Publication ,  Journal Article
Song, H; Giorgi, EE; Ganusov, VV; Cai, F; Athreya, G; Yoon, H; Carja, O; Hora, B; Hraber, P; Romero-Severson, E; Jiang, C; Li, X; Wang, S ...
Published in: Nat Commun
May 15, 2018

Recombination in HIV-1 is well documented, but its importance in the low-diversity setting of within-host diversification is less understood. Here we develop a novel computational tool (RAPR (Recombination Analysis PRogram)) to enable a detailed view of in vivo viral recombination during early infection, and we apply it to near-full-length HIV-1 genome sequences from longitudinal samples. Recombinant genomes rapidly replace transmitted/founder (T/F) lineages, with a median half-time of 27 days, increasing the genetic complexity of the viral population.

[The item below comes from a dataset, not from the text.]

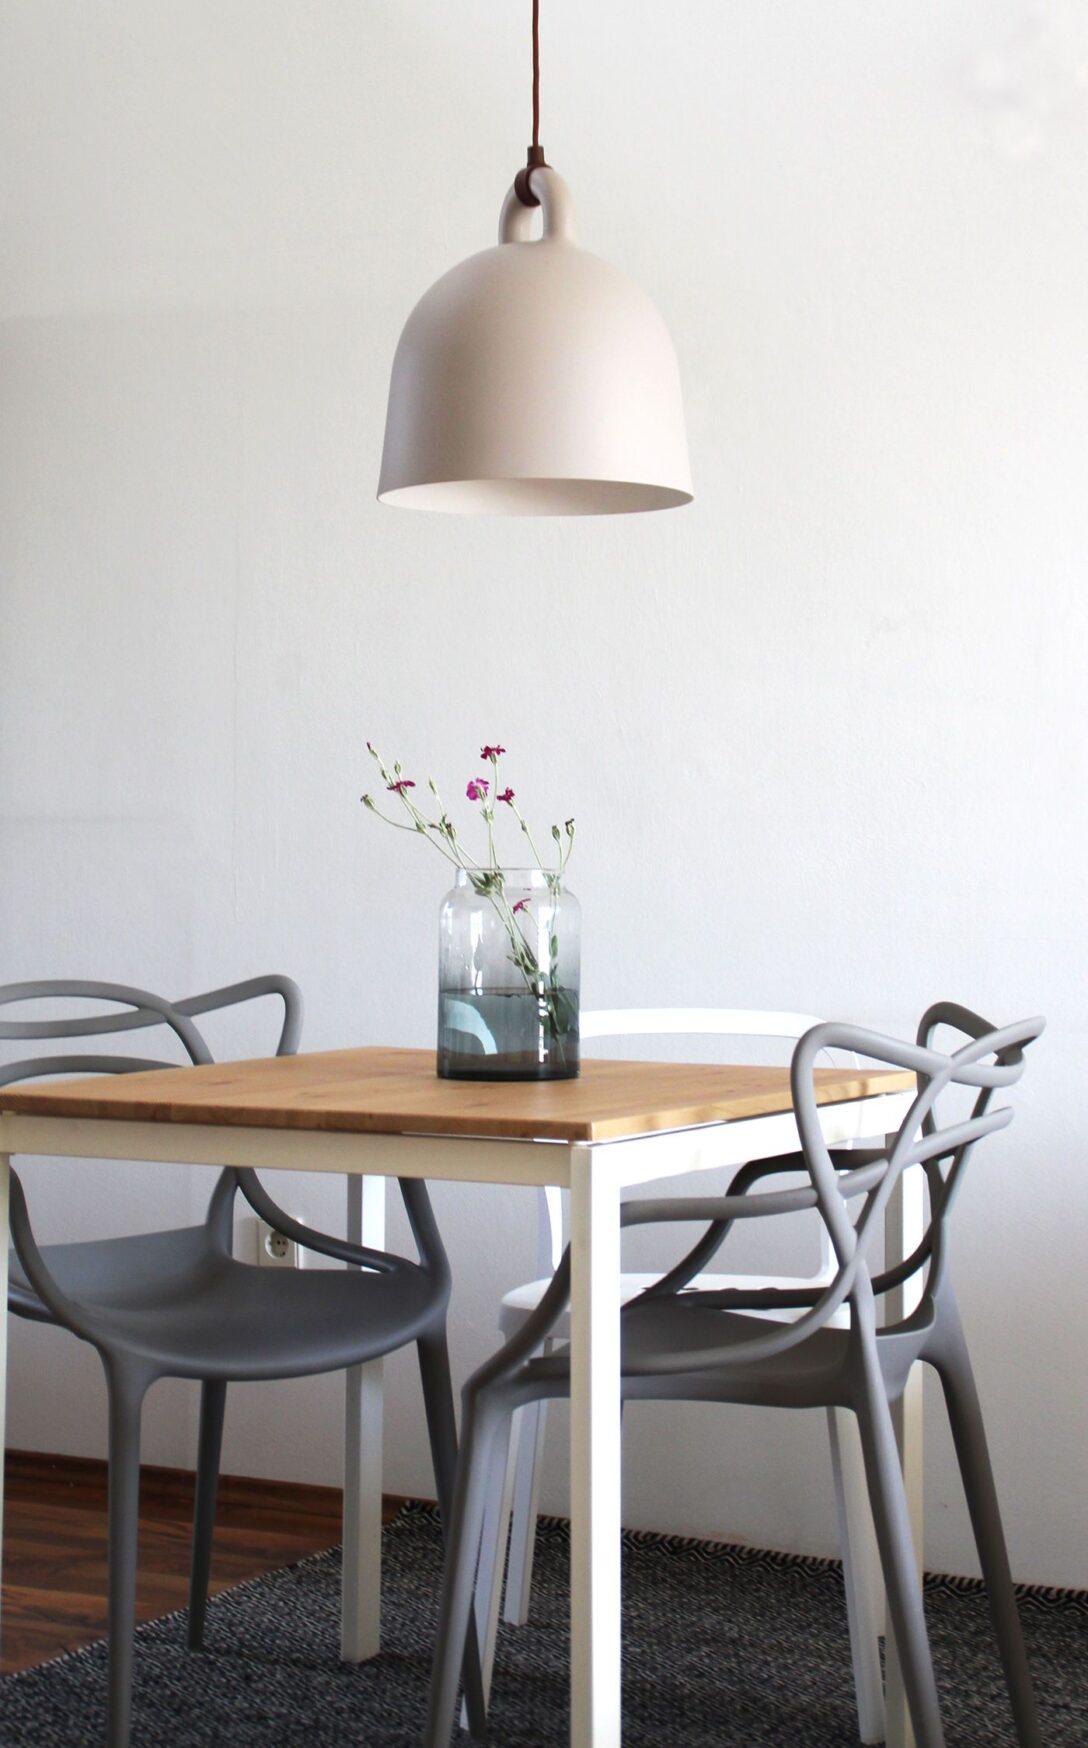 Large Size of Ikea Hack Sitzbank Esszimmer Diynstag 11 Einfache Hacks Im Skandi Stil Solebichde Küche Kosten Betten Bei Kaufen Miniküche Mit Lehne Sofa Schlaffunktion Wohnzimmer Ikea Hack Sitzbank Esszimmer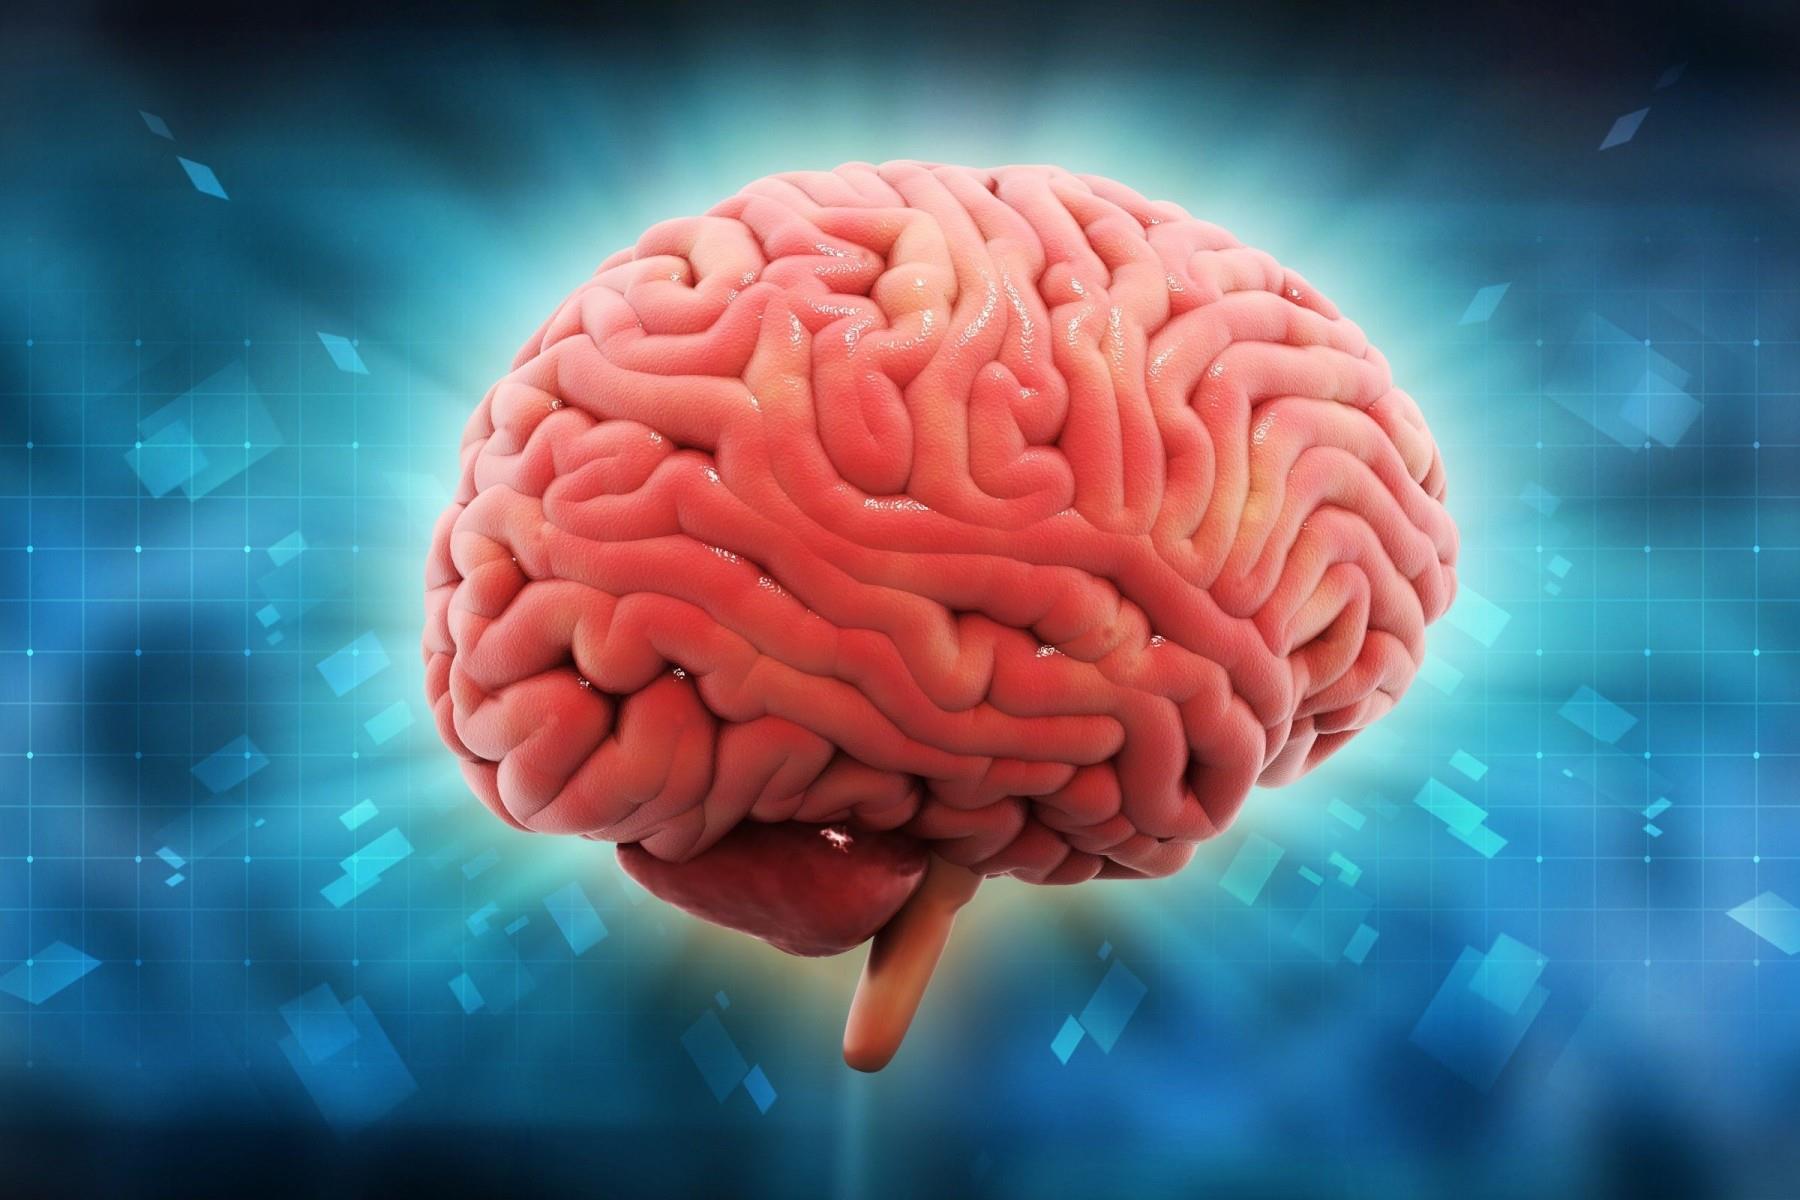 Картинка мозга с надписью, картинки девушке лет

We identify recombination hot and cold spots that differ from those observed in inter-subtype recombinants. Furthermore, RAPR analysis of longitudinal samples from an individual with well-characterized neutralizing antibody responses shows that recombination helps carry forward resistance-conferring mutations in the diversifying quasispecies. These findings provide insight into molecular mechanisms by which viral recombination contributes to HIV-1 persistence and immunopathogenesis and have implications for studies of HIV transmission and evolution in vivo.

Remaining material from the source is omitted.